Problem to solve
Each line from the one with "Luka Modric mejora" through the last line of the material is to be printed exactly; no other line and no picture belongs in the copy.

Stored data
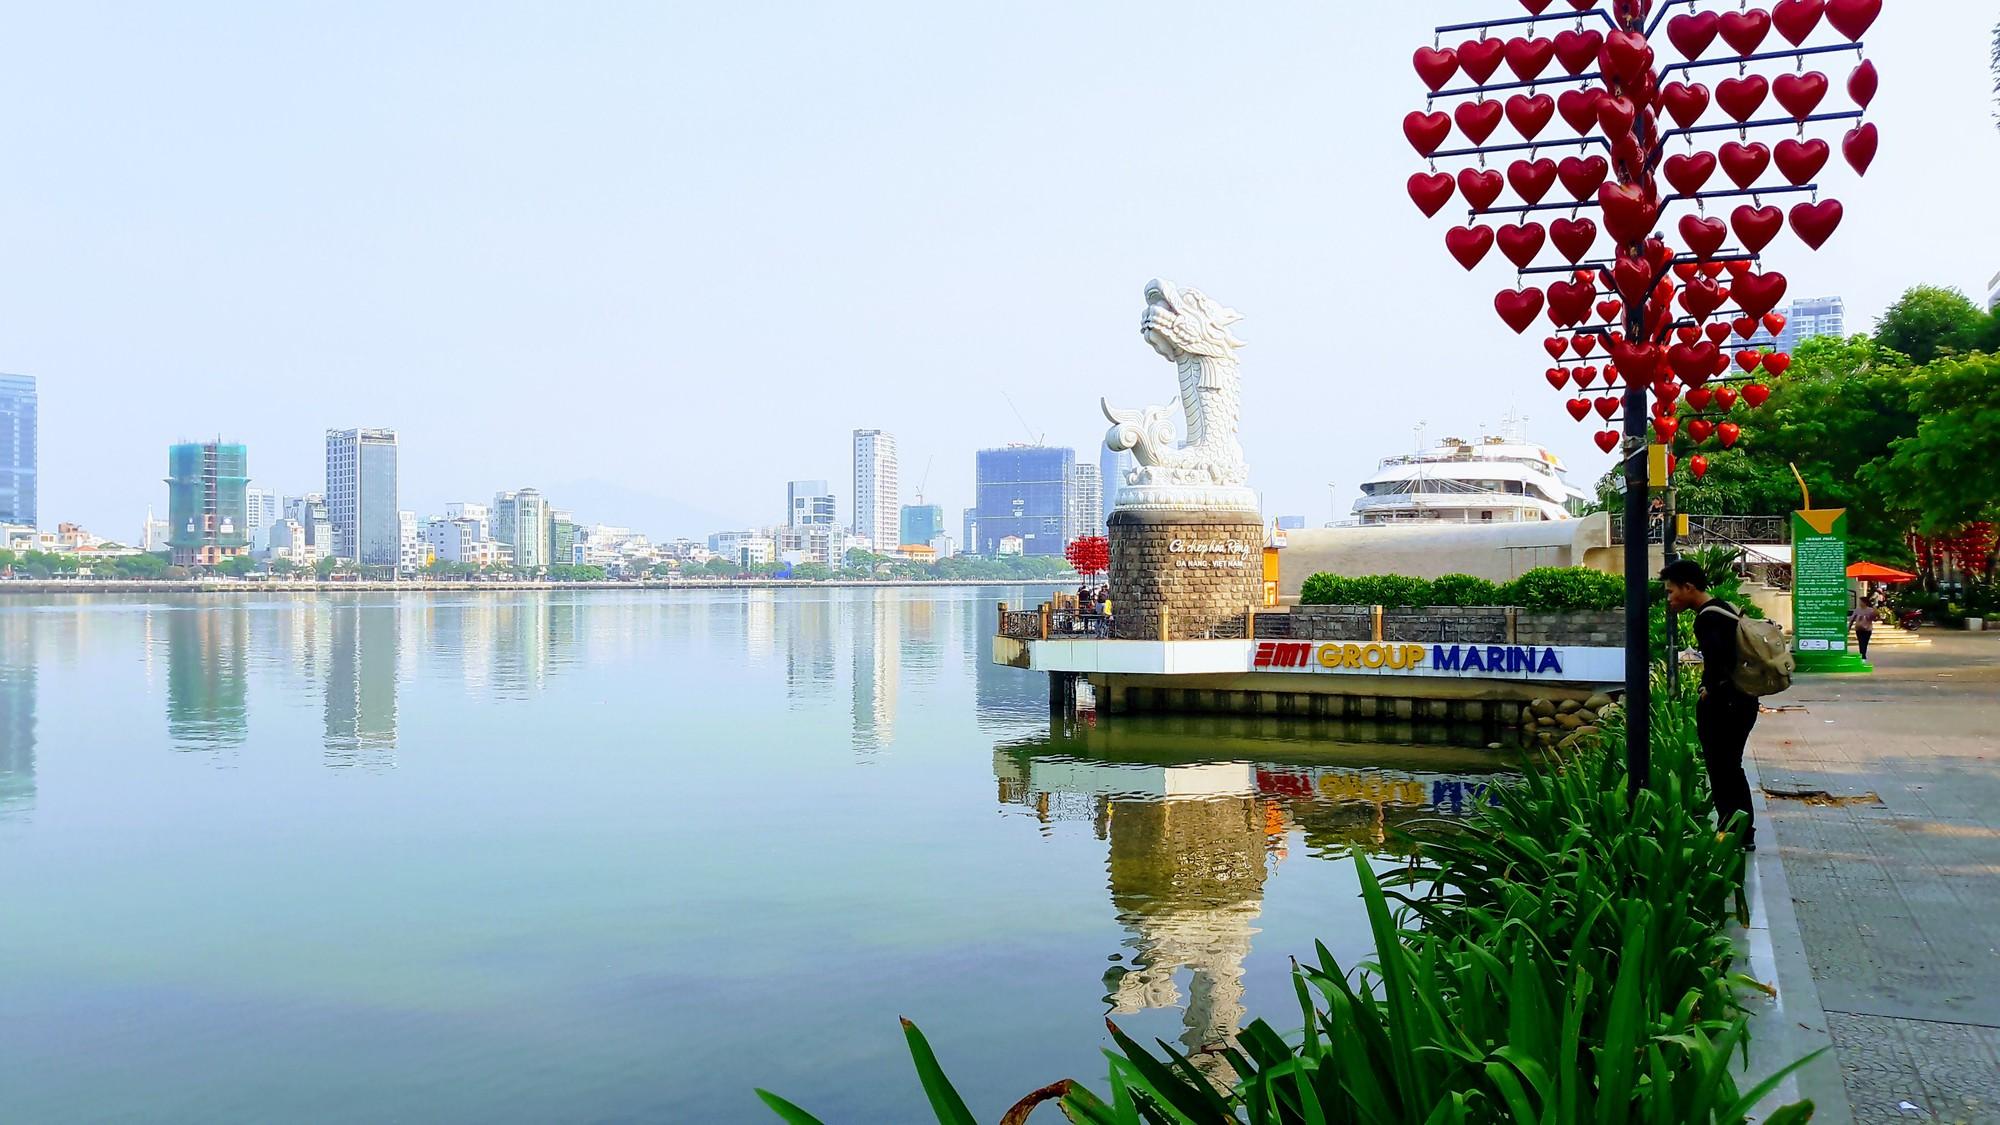 Vụ tạm dừng dự án Marina Complex ở Đà Nẵng: Cận cảnh những công trình, dự án dọc hai bờ sông Hàn hiện nay - Ảnh 8.
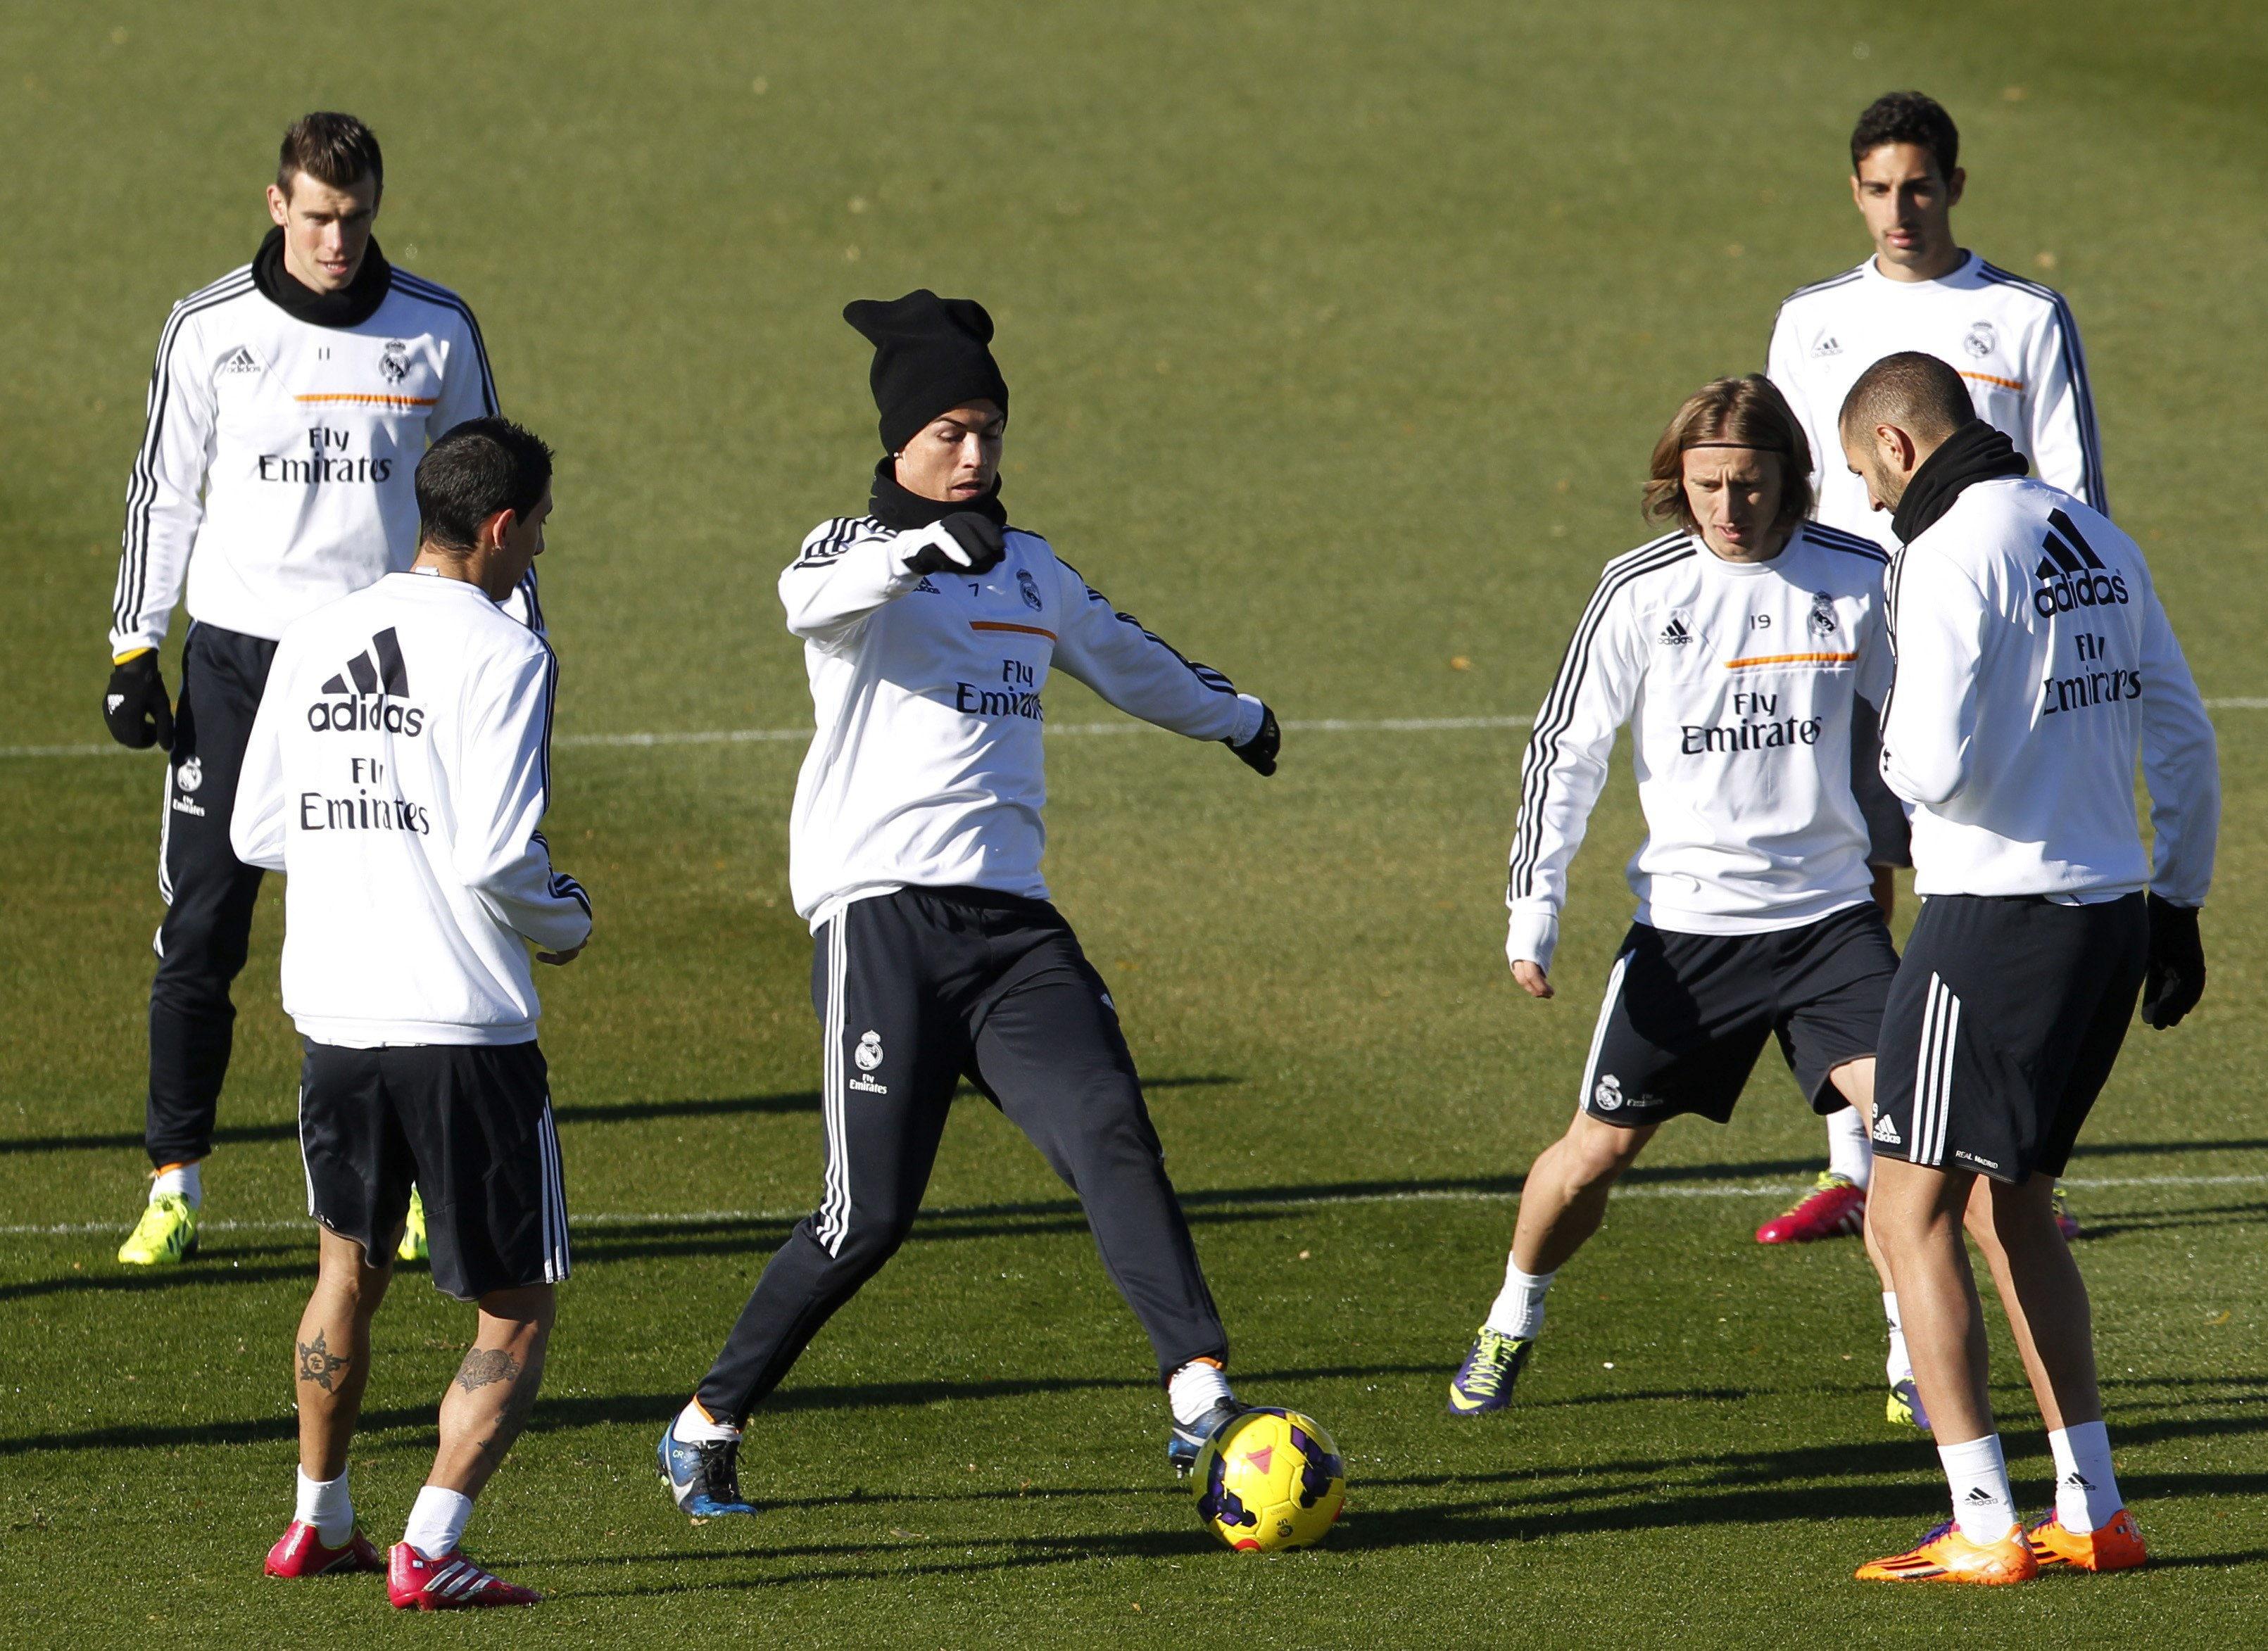 Luka Modric mejora los números de Sami Khedira
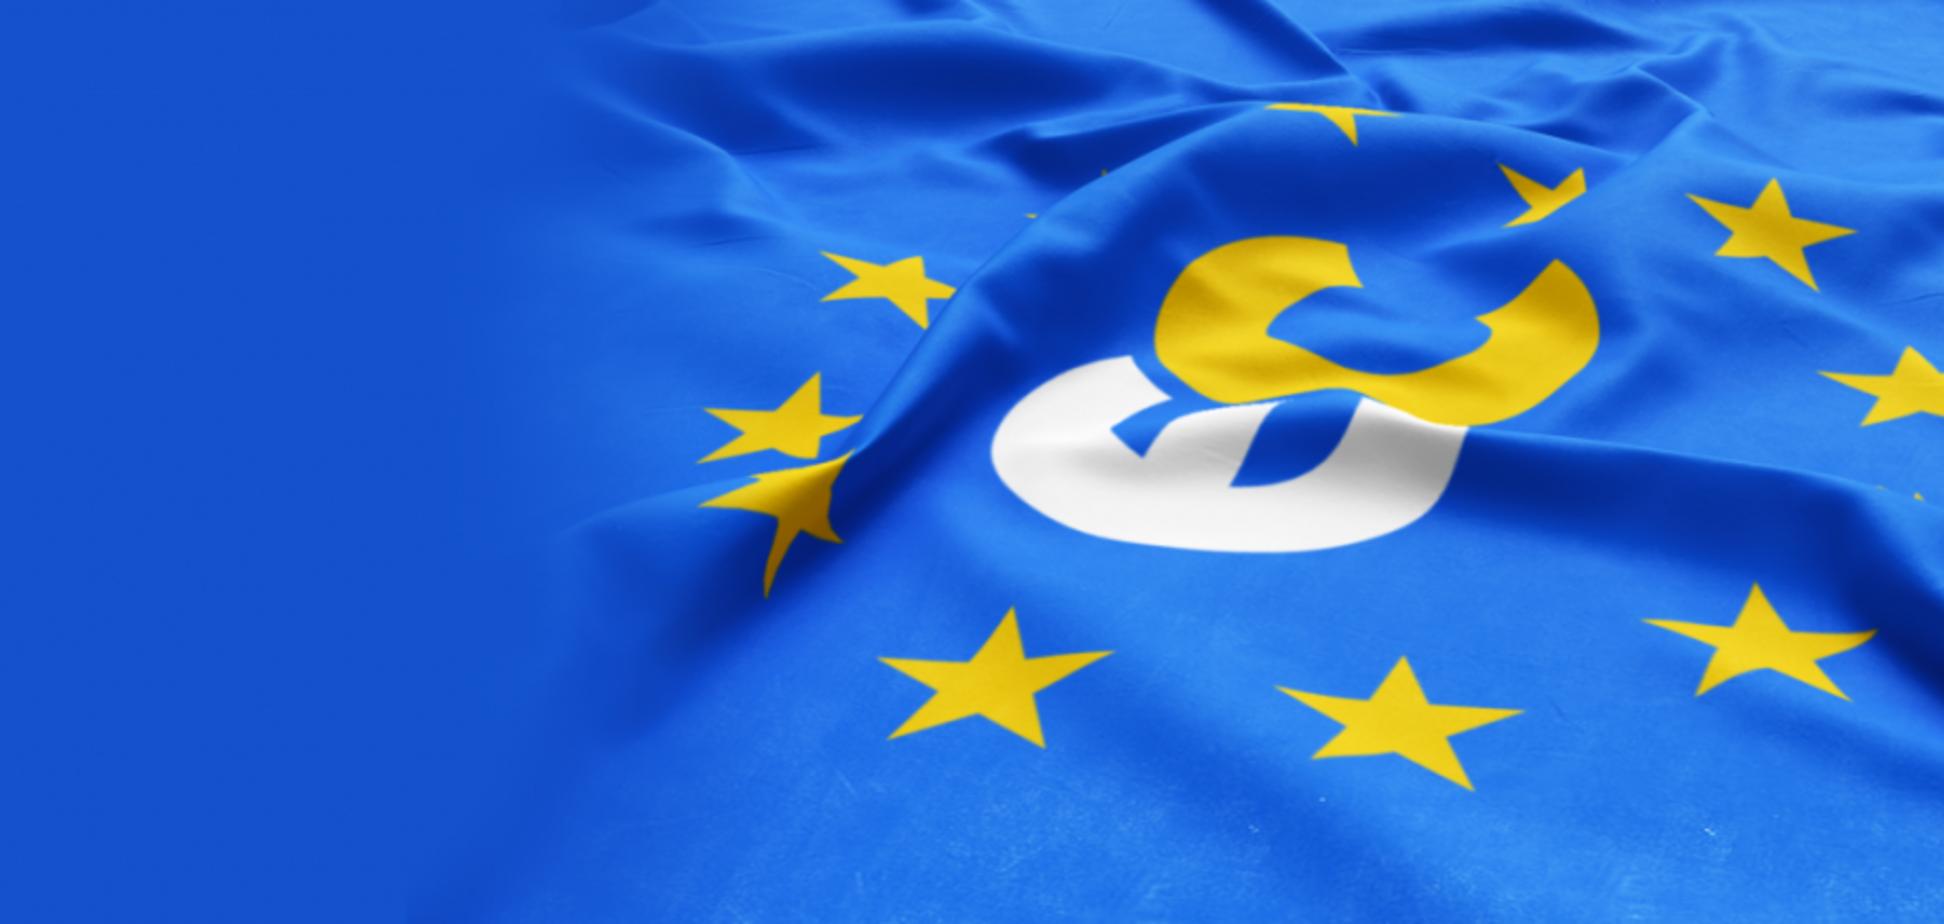 'Европейская солидарность'

Exercise solution
 Luka Modric mejora los números de Sami Khedira
 'Европейская солидарность'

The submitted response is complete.